Talking too soon: even as we were flicking through the piece on The Curse of Josh Homme and how it's been lifted, they were attaching cables to try and get him upright onstage in Germany again
Billy from The Subways doesn't like people oggling his girlfriend-bandmate Charlotte Cooper. Let's hope he doesn't notice that she's one of the full-page posters.
reviews
live
super furry animals at the secret garden party in Cambridgeshire - "the Furries were clearly not having the time of their lives"
rolling stones - boston fenway park - "they look like they're genuinely enjoying themselves"
vica voce - birmingham club nme - "a lo-fi Flaming Lips, without the silly animal suits"

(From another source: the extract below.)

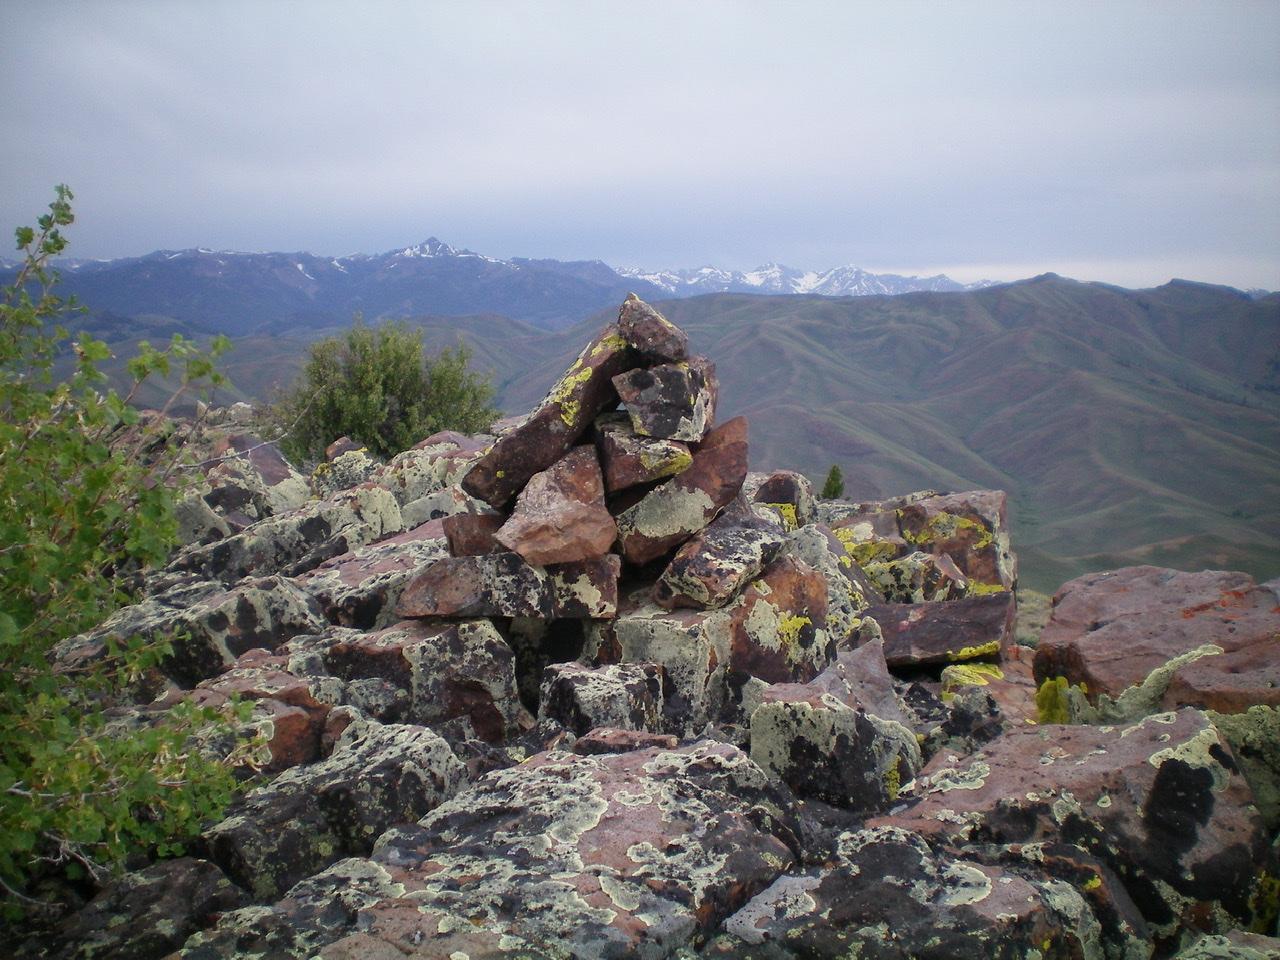 The summit cairn atop Peak 8700. Livingston Douglas Photo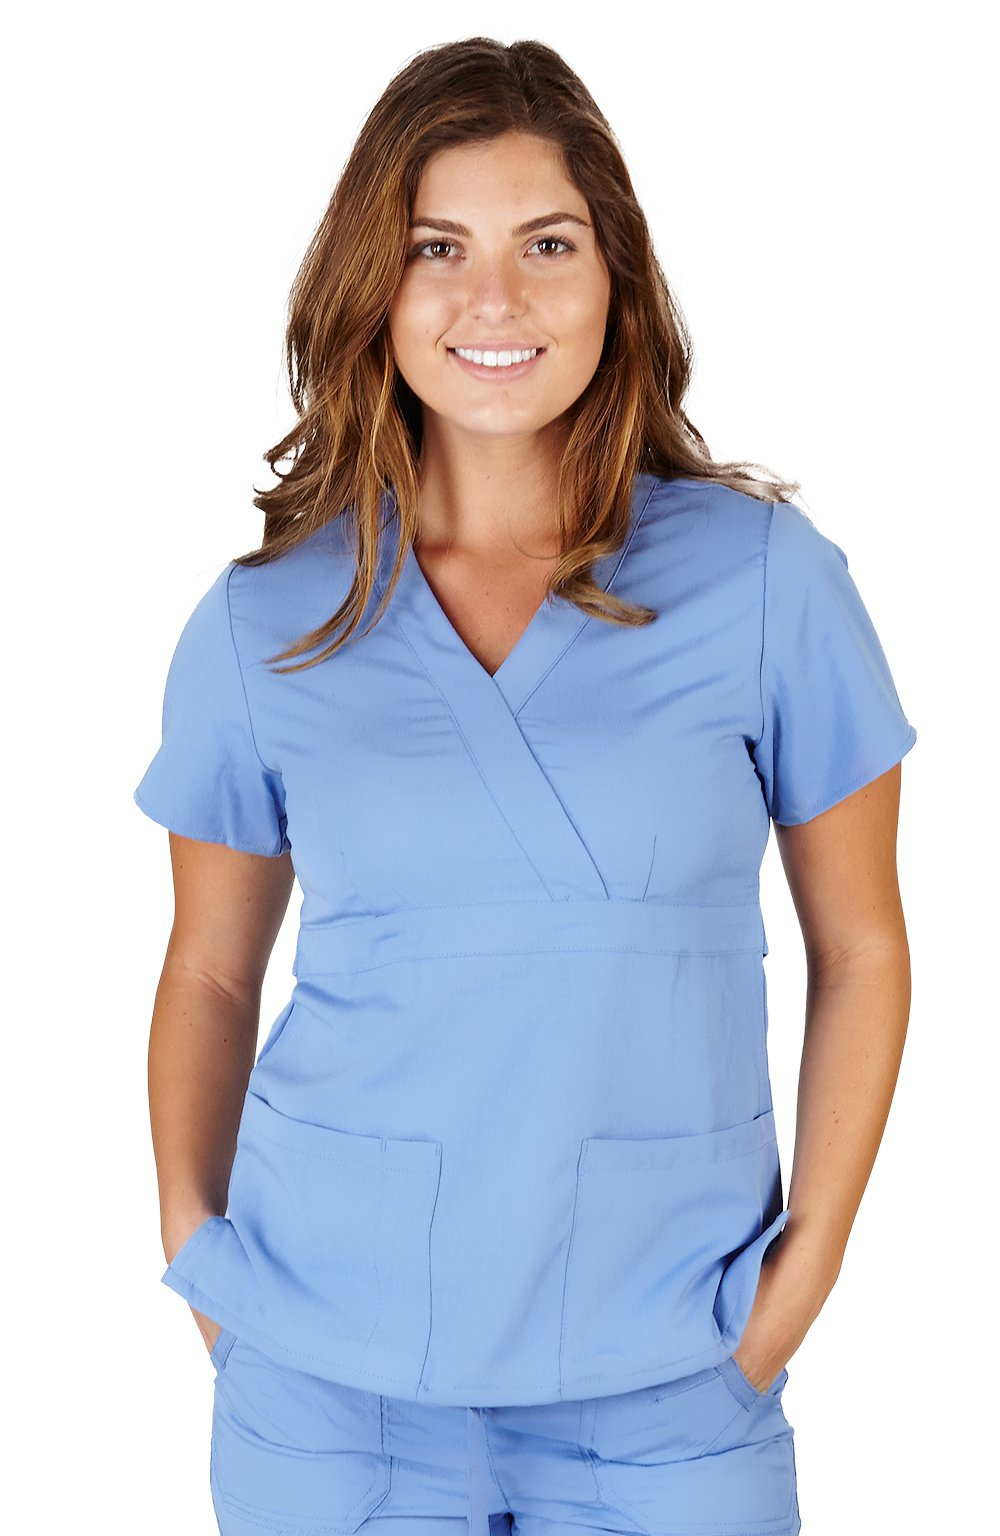 Ultra Soft Brand Scrubs - Premium Womens Junior Fit 3 Pocket Mock Wrap Scrub Top, Ceil Blue 36143-Large

marilyn manson - leeds festival - "old-fashioned compared to the (baby)shambolic thrills on offer elsewhere; a scripted show from Marilyn Manson the character"
albums
elbow - leaders of the free world - "if there's any justice, should see Garvey rubbing shoulders with Chris Martin", 9
joe meek - portrait of a genius - "if you have any interest in beauty, then cough up"
reuben - very fast, very dangerous - "palls after a while", 6
tracks
totw - arcade fire - rebellion (lies) - "causes Nada Surf to wake up in cold sweats"
nada surf - always love - "Travis-lite farce"
goldie lookin chain - your missus is a nutter- "they posit the theory that women are out of control and must be stopped"
and finally, the Fanboy cartoon draws a picture of what it must have been like watching Steve Coogan and Courtney Love doing pillow talk. Back of the net.
3 comments:
Hard-Fi didn't actually play at all at Glastonbury. They did offer half-price tickets to the Neighborhood show a couple of weeks after to anyone who had a ticket/wristband, which was probably much use to anyone not from the London area but still a nice gesture.
And surely the best bit in that NME was their description of Pete Doherty's Reading appearance as 'having walked onstage looking like a Dior clothes horse, but by the end looking like he'd been raped by dogs'? Lovely!